The court next questioned Ali Hakan Altınay, who was the President of the Board of Directors of Açık Toplum Vakfı (Open Society Foundation) from 2011 to February 2013, about the structure of the foundation.

The presiding judge then questioned Mine Özerden about the gas masks they allegedly provided to the protestors.

Addressing the court next, Can Atalay pointed out that a new panel to be appointed to the case was unlawful. Asserting that the Taksim Solidarity Platform had filed and won a lawsuit against the demolition of Gezi Park, Atalay said they went to the park to stop the illegal construction, which had begun in spite of an administrative court ruling that ordered the suspension of the construction. “We objected to the illegal construction on 28 March 2013. On 31 May, people objected to the unlawfulness committed and came to the park,” he said.

The afternoon session resumed with the interrogation of Tayfun Kahraman. When asked about his numerous posts on social media allegedly calling people to join in the demonstrations, Kahraman said that he had mostly retweeted Twitter posts by Taksim Solidarity. Concerning his phone conversation with journalist Aslı Aydıntaşbaş, Kahraman said that he had just voiced his personal opinion to someone who had contacted him as a journalist. Kahraman explained that he represented the Chamber of City Planners in the Taksim Solidarity Platform and was issuing press statements. When the presiding judge asked about the vandalism that occurred during Gezi, Kahraman said that the police brutality was as wrong as the destruction defined as vandalism.

Yiğit Aksakoğlu, who was released from pre-trial detention at the end of the first hearing, was questioned over the claims in the indictment. He told the court that all the evidence against him in the indictment was gathered after Gezi came to an end. 

The court then questioned undetained defendant Yiğit Ali Ekmekçi about a phone call cited in the indictment that he had with Kavala on an alleged attempt to call for embargoing imports of tear gas to Turkey.

The court lastly questioned Çiğdem Mater about an alleged film about Gezi. Mater explained to the court that they intended to make a film about the Gezi Park protests using footage from the demonstrations but that the film never got made due to financial difficulties.

After the completion of the interrogation of the defendants, defense lawyers addressed the court, asserting that the recordings of their clients’ phone conversations were obtained illegally. Kavala’s lawyers also asserted that aşş the defendants in the case faced similar allegations but Kavala was the only jailed defendant in the case and asked the court to release him pending trial.

The prosecutor requested the court to wait for the execution of the arrest warrants against the six defendants at large, the witnesses to be forcibly brought to the next hearing, and the continuation of Kavala’s detention.

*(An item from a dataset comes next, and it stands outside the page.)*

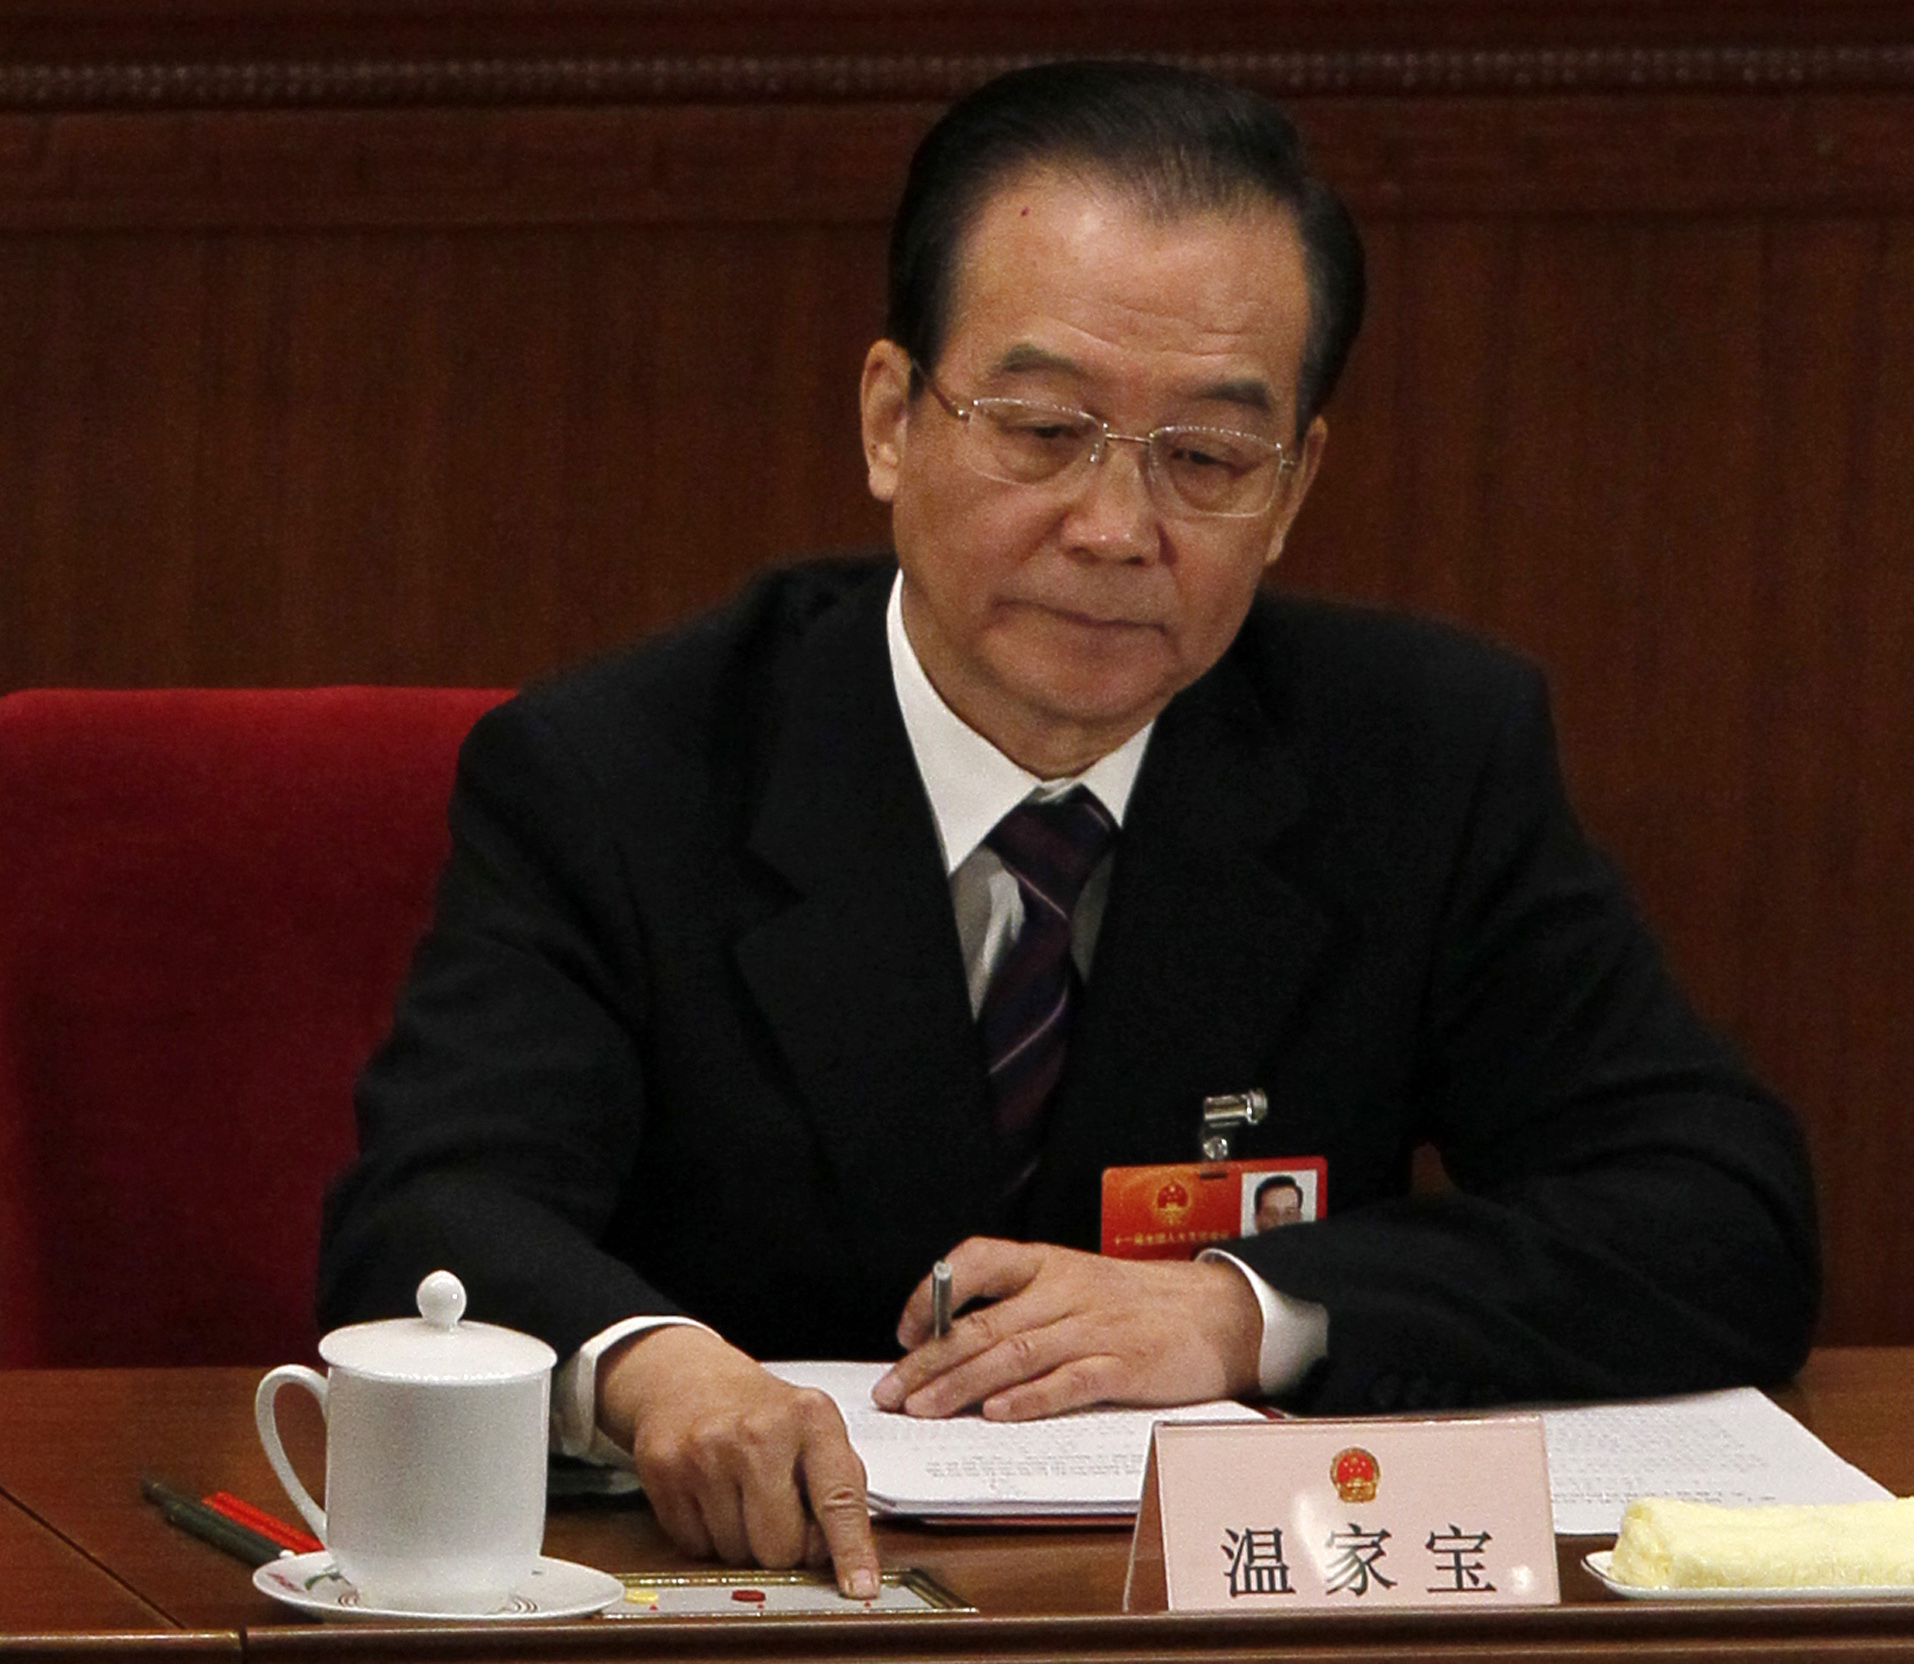 Den 23 april ska Lööf ta emot Kinas premiärminister Wen Jiabao.

In its interim ruling, the court ruled to wait for the arrest warrants against the six defendants at large to be executed, to issue an arrest warrant against defendant İnanç Ekmekçi and for the three witnesses of the prosecution to be heard at the next hearing. Citing the type and nature of the alleged offense, the evidence against him and flight risk, the court ordered the continuation of Kavala’s detention and adjourned the trial until 24-25 December 2019.